One has to wonder if the liberal reforms initiated by the Brazilian president Fernando Collor de Mello, elected in late 1989, liberal reforms which included the potential privatisation of government-run companies like Embraer, played a (minor?) role in the decision to drop the CBA-123. The economy of Brazil was indeed in dire straits at the time and the hyperinflation which hit in early 1990 dit not help.
Embraer itself was in deep financial trouble. As the government refused to allow that firm to raise money through debt for equity swaps, its president, an engineer, Ozilio Carlos da Silva, resigned, in December 1990. His successor, Joao Rodrigues da Cunha, an economist, resigned in July 1991, possibly because the government did not deliver on the expected date a promised and sizeable rescue package. By then, the government may well have decided that Embraer would have to be privatised.
In order to make the firm attractive, its core would have to be preserved, which meant that unpromising projects would face the ax.

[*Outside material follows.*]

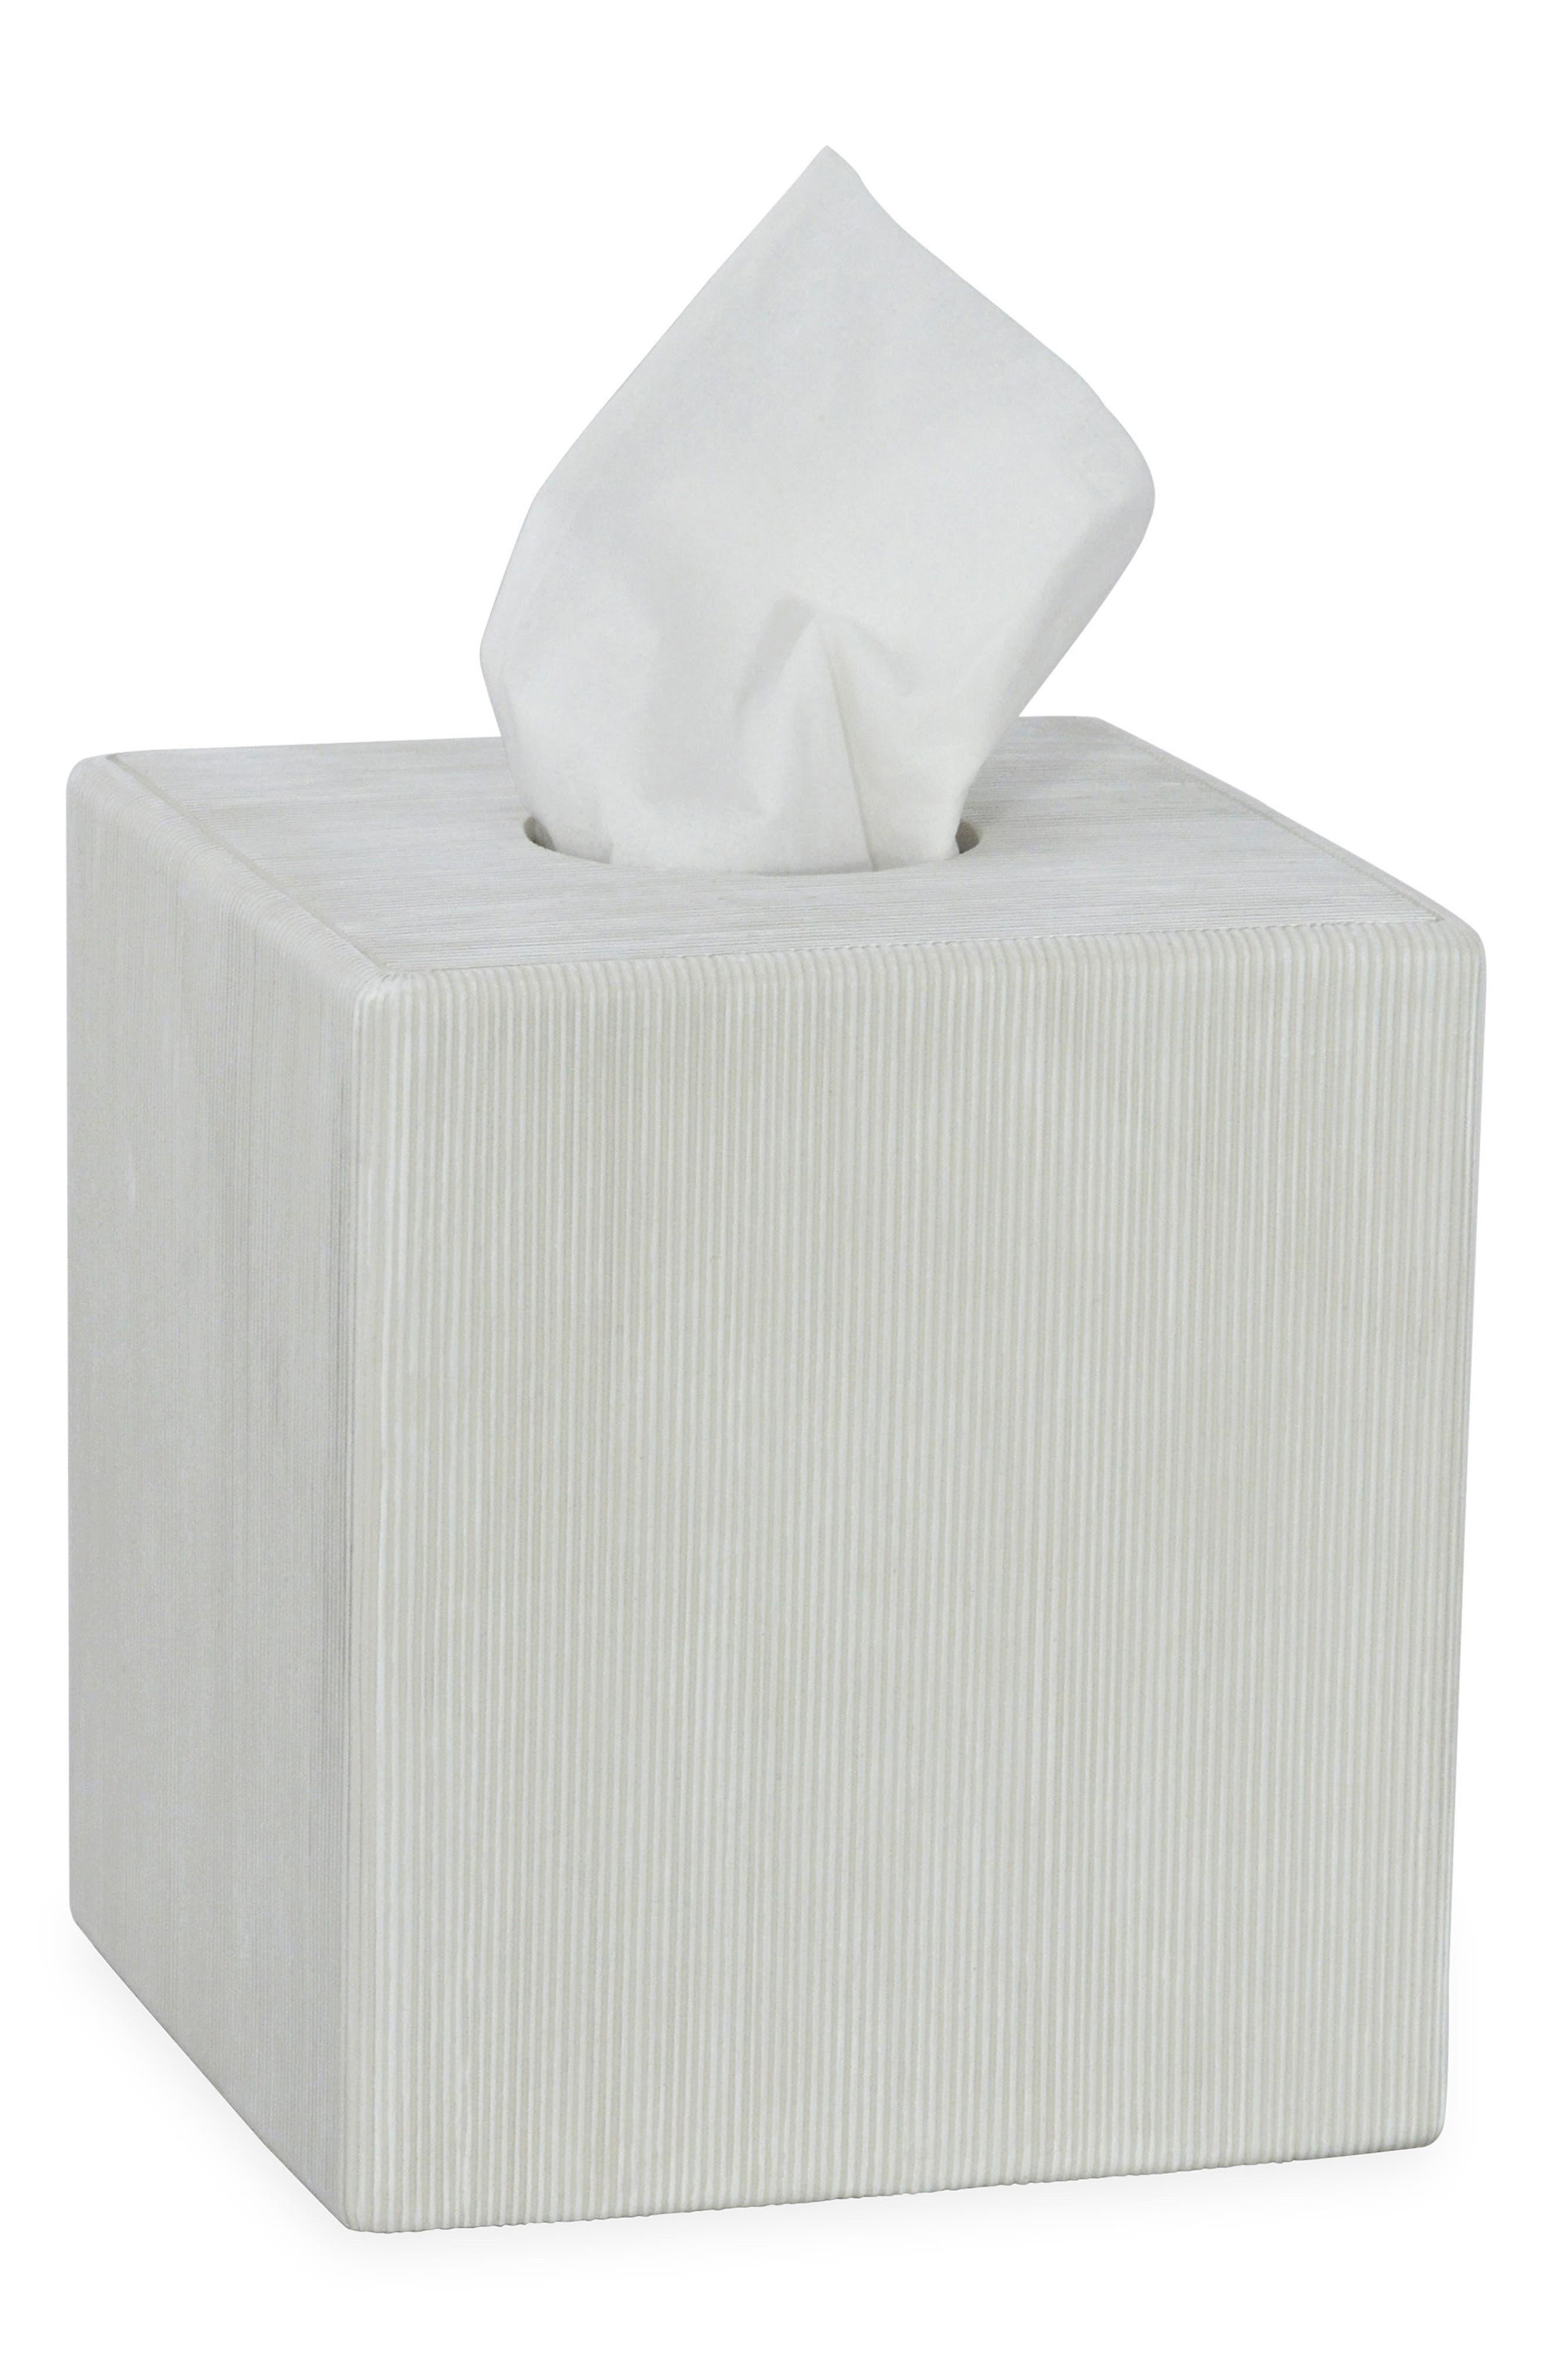 DKNY Fine Lines Ceramic Tissue Box Cover

In that regard, one has to wonder if the change in leadership personnel which took place in July 1991 also played a (minor?) role in the decision to drop the CBA-123. Incidentally, that change in leadership included
- the return at the helm of Ozires Silva, an engineer and the founder of Embraer, who had not been involved in the development of the CBA-123, and
- the arrival as commercial director of the Frenchman Michel Cury, who was seemingly the director general of the French subsidiary of Embraer, Embraer Aviation International, until July 1991.
Incidentally, Cury was the flight engineer present during the first flight, in October 1968, of the aircraft which would become known as the EMB-110 Bandeirante, an aircraft whose design team was headed by Silva.